This leads to better questions, and occasionally a
profitable invention and/or business, like those that
paid for my house and retirement.
Those who can't grok any more than a slogan or a tweet,
or fear basic algebra and high school physics, should
stop reading now. Campaign for Congress instead.
-----
I will make one basic assertion about an "integral",
which you can verify by typing "integration of powers of
x" into a web browser.
PONDERING LAUNCH: rockets generate a lot of energy, but
because they derive their momentum by spewing propellant
stored on board, rockets must use a LOT of energy to
move enough momentum (mass times velocity) to reach Earth
orbit or escape, and lift the propellant that they will
expel later in flight.
This process is horribly inefficient; even with absurdly
high ISP. Almost all the kinetic energy ends up as
propellant kinetic energy instead of vehicle kinetic
energy, roiling the atmosphere and infinitesimally
displacing planet Earth in the opposite direction.

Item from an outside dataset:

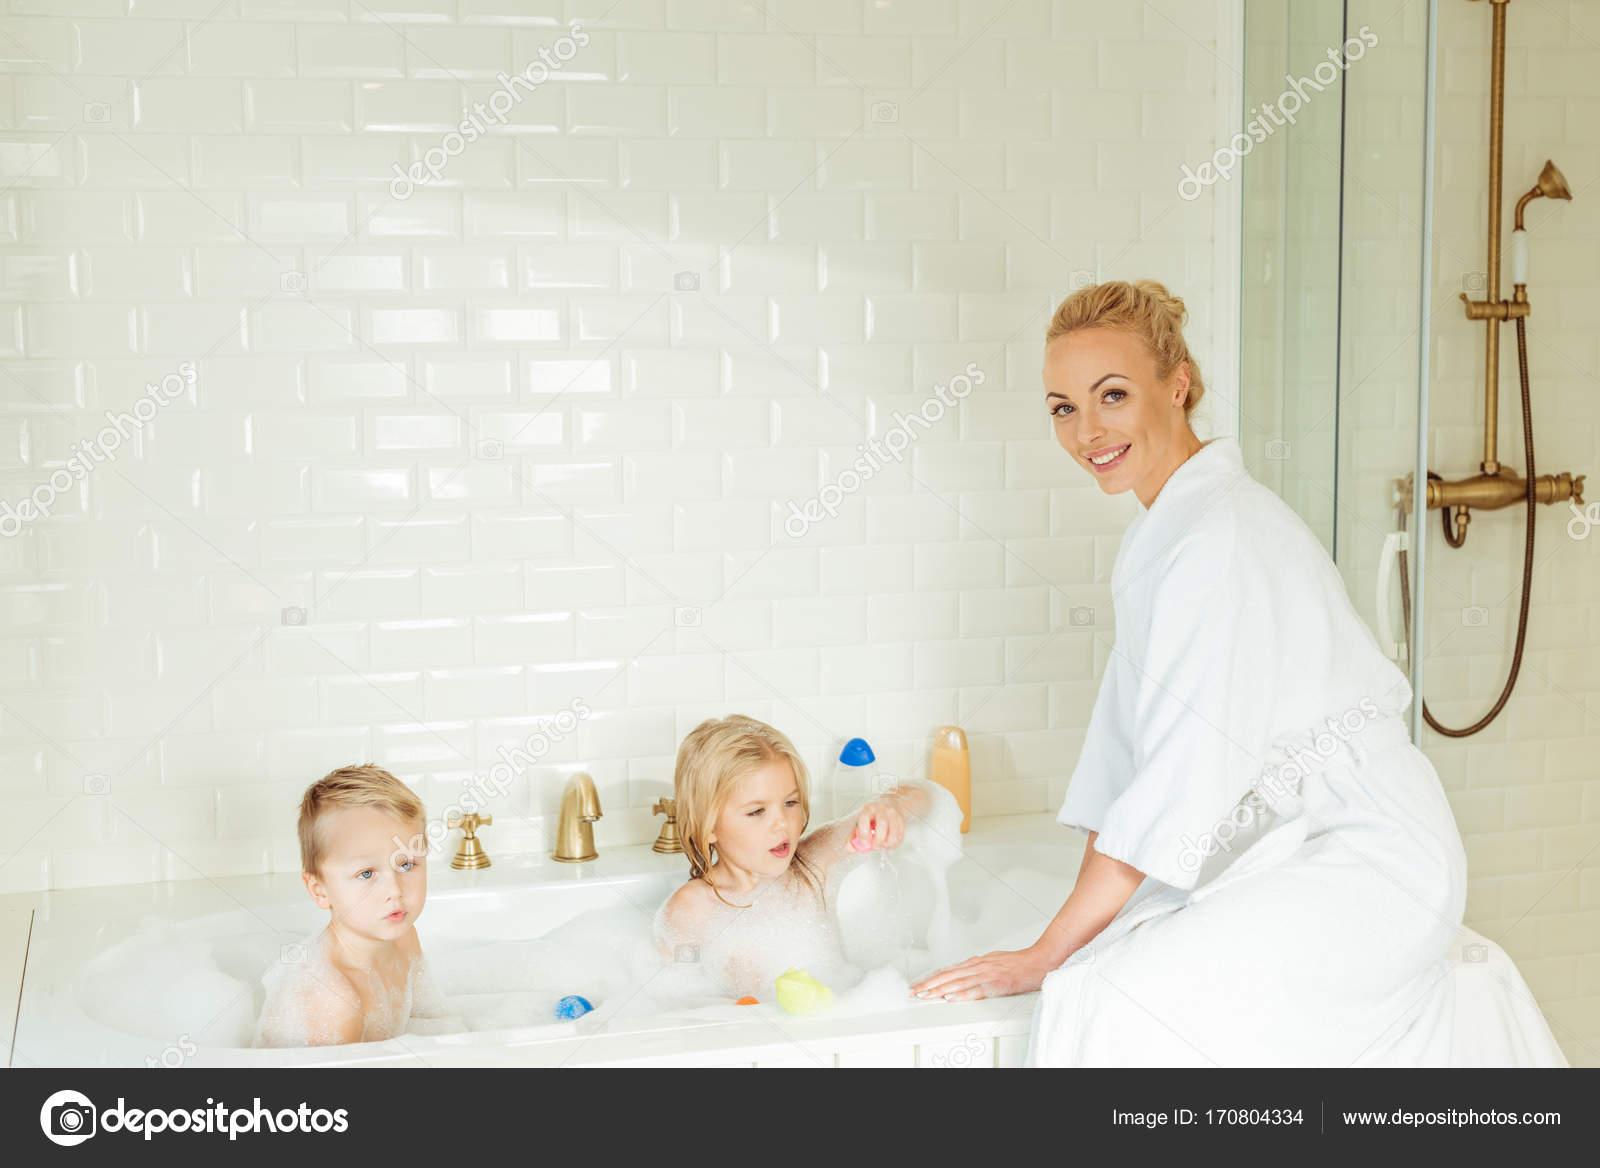 Vasca Da Bagno Bambini : Bambini di lavaggio di madre nella vasca da bagno u foto stock

(for fun, calculate how much).
With actual propellants, the fraction of total energy that
becomes payload kinetic and gravitational-lift energy is
absurdly tiny. If the goal is delivering a 300 kT warhead
over the pole, rocket "system efficiency" seems high, in a
"Dr. Strangelove" sense. Given that practically all large
rockets are optimized and deployed to deliver warheads,
it is no surprise that launch is messy and costly for the
projects WE care about.
Contemplate a magic lift machine: input energy is
transformed with 100% efficiency into gravitational
potential energy, with infinite mass "to push against".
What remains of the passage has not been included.